--- WHAT TO DO ---
Set down the whole listing below exactly, without pictures.

--- COLLECTED MATERIAL ---

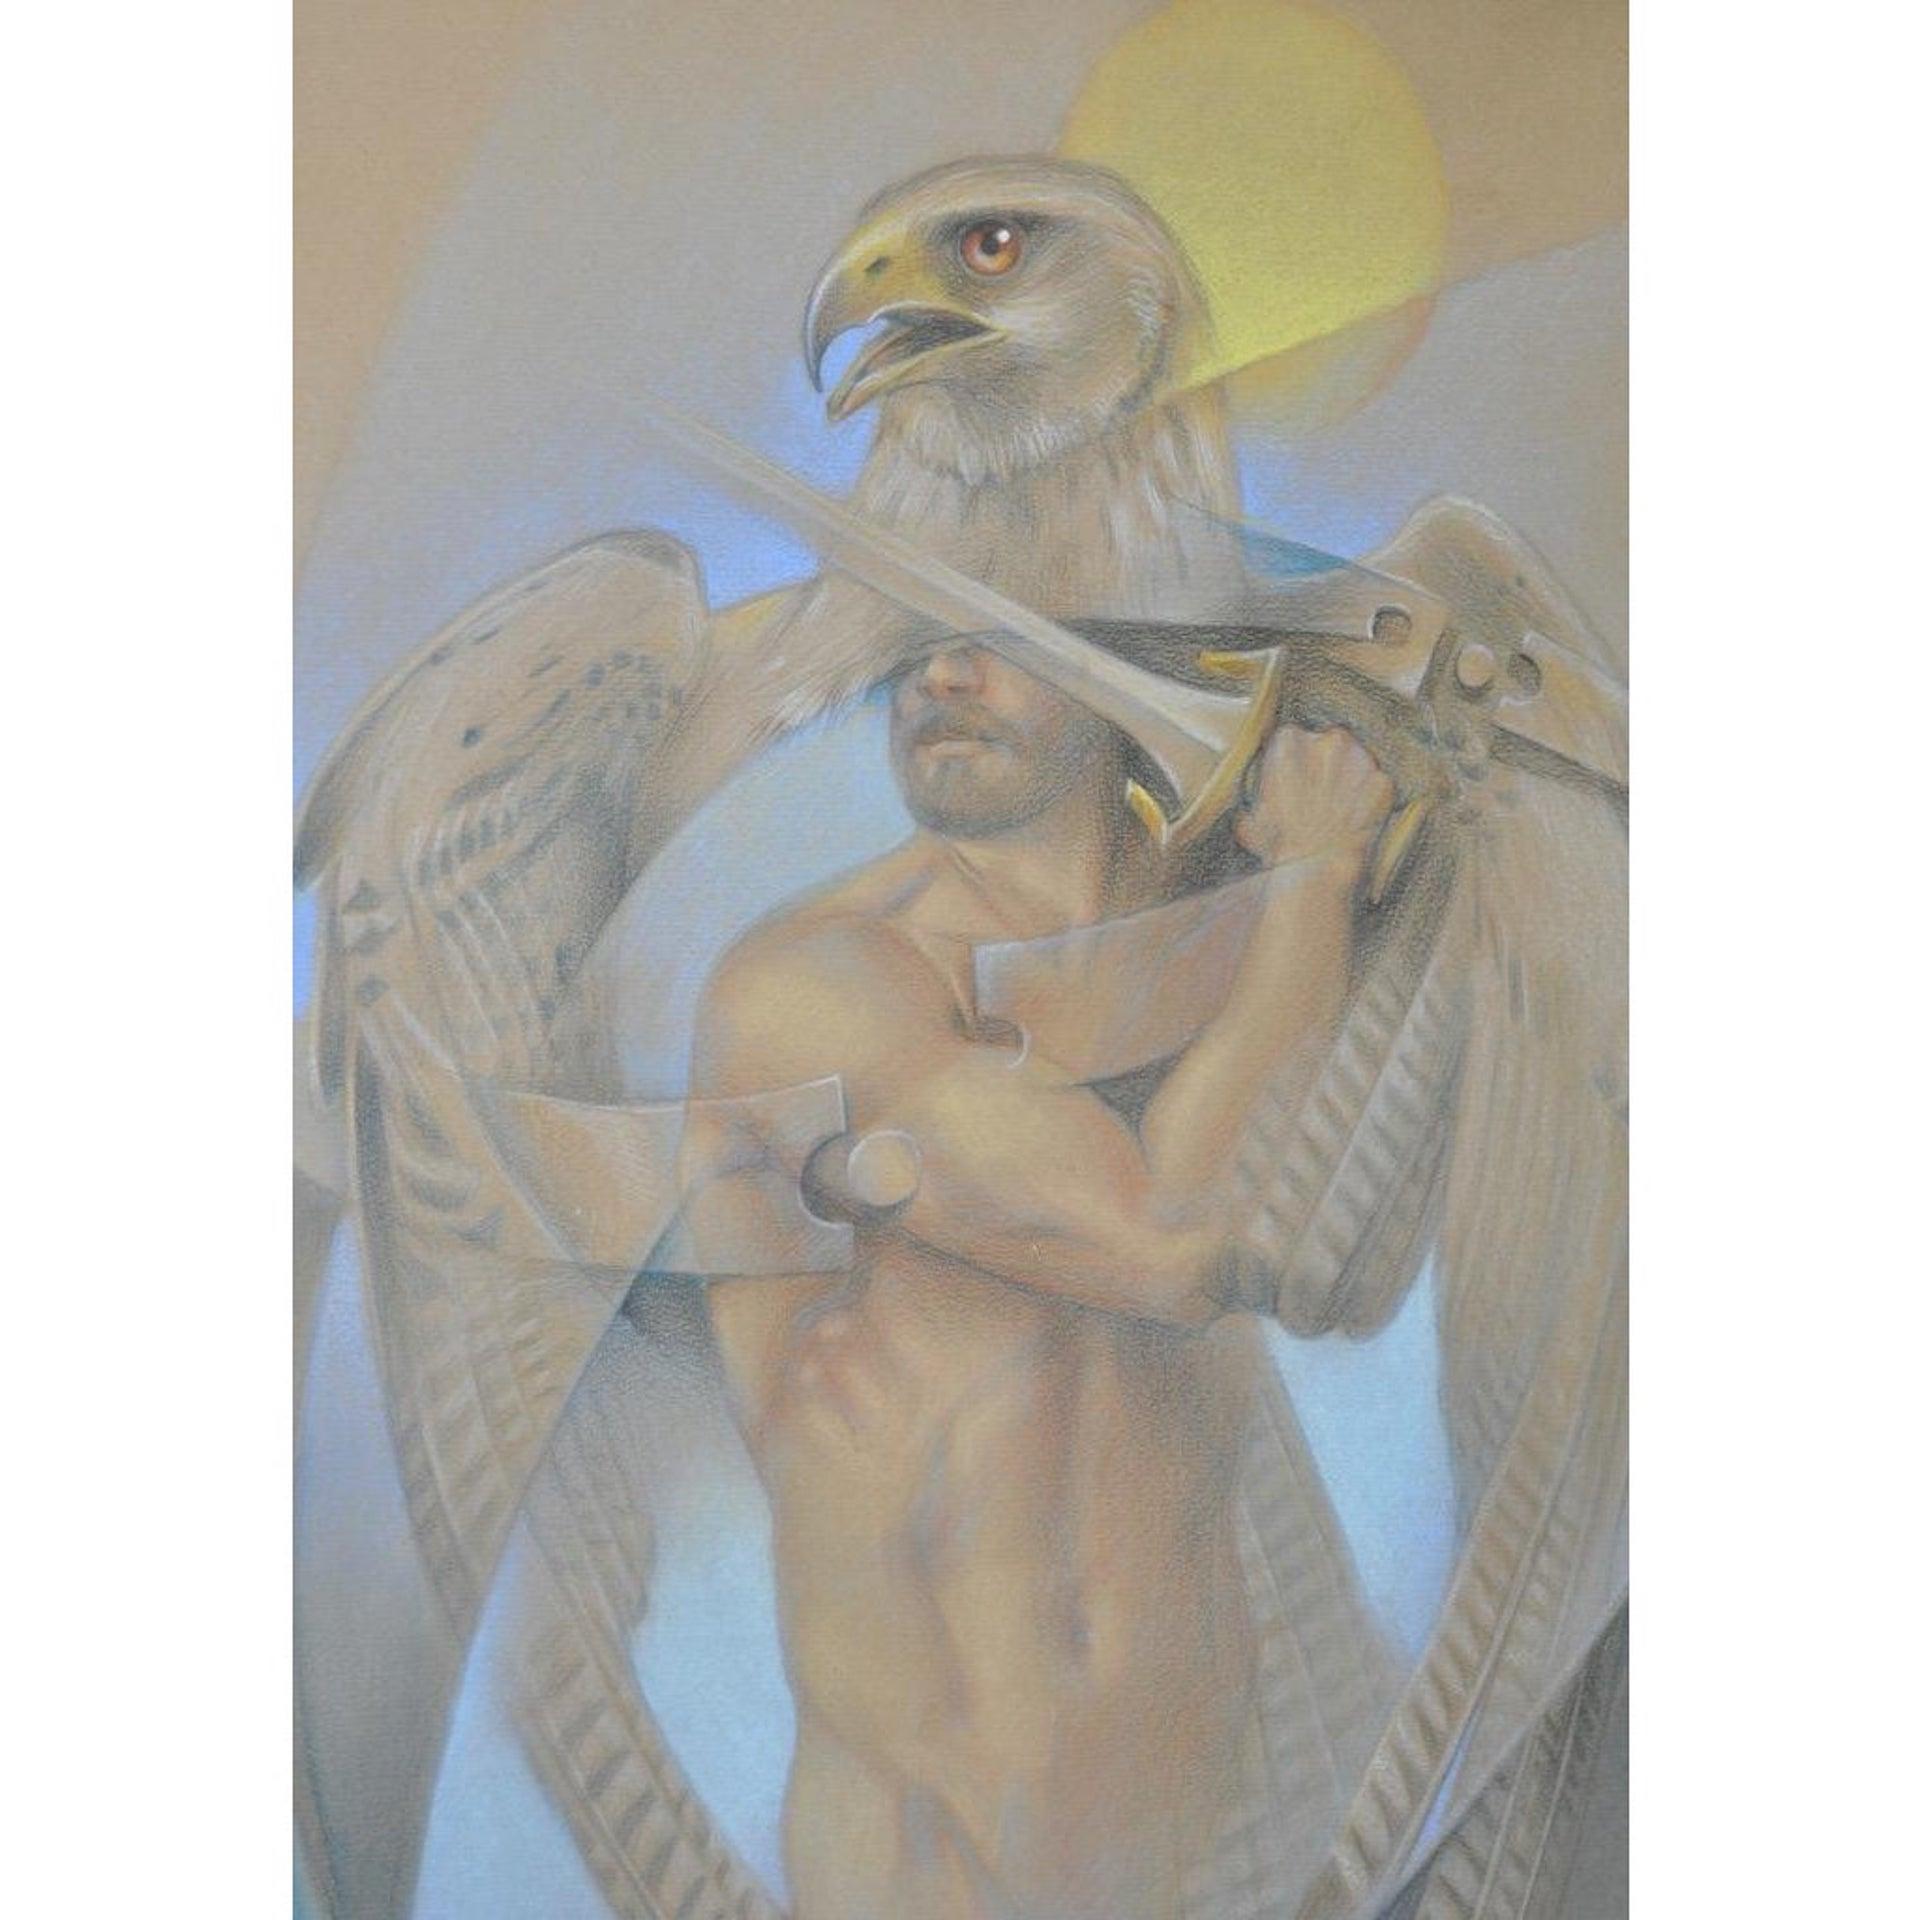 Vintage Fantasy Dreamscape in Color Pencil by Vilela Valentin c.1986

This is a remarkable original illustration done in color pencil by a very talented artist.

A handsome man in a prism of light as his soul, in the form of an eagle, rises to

--- WRITTEN RESPONSE ---
 Vintage Fantasy Dreamscape in Color Pencil by Vilela Valentin c.1986

This is a remarkable original illustration done in color pencil by a very talented artist.

A handsome man in a prism of light as his soul, in the form of an eagle, rises to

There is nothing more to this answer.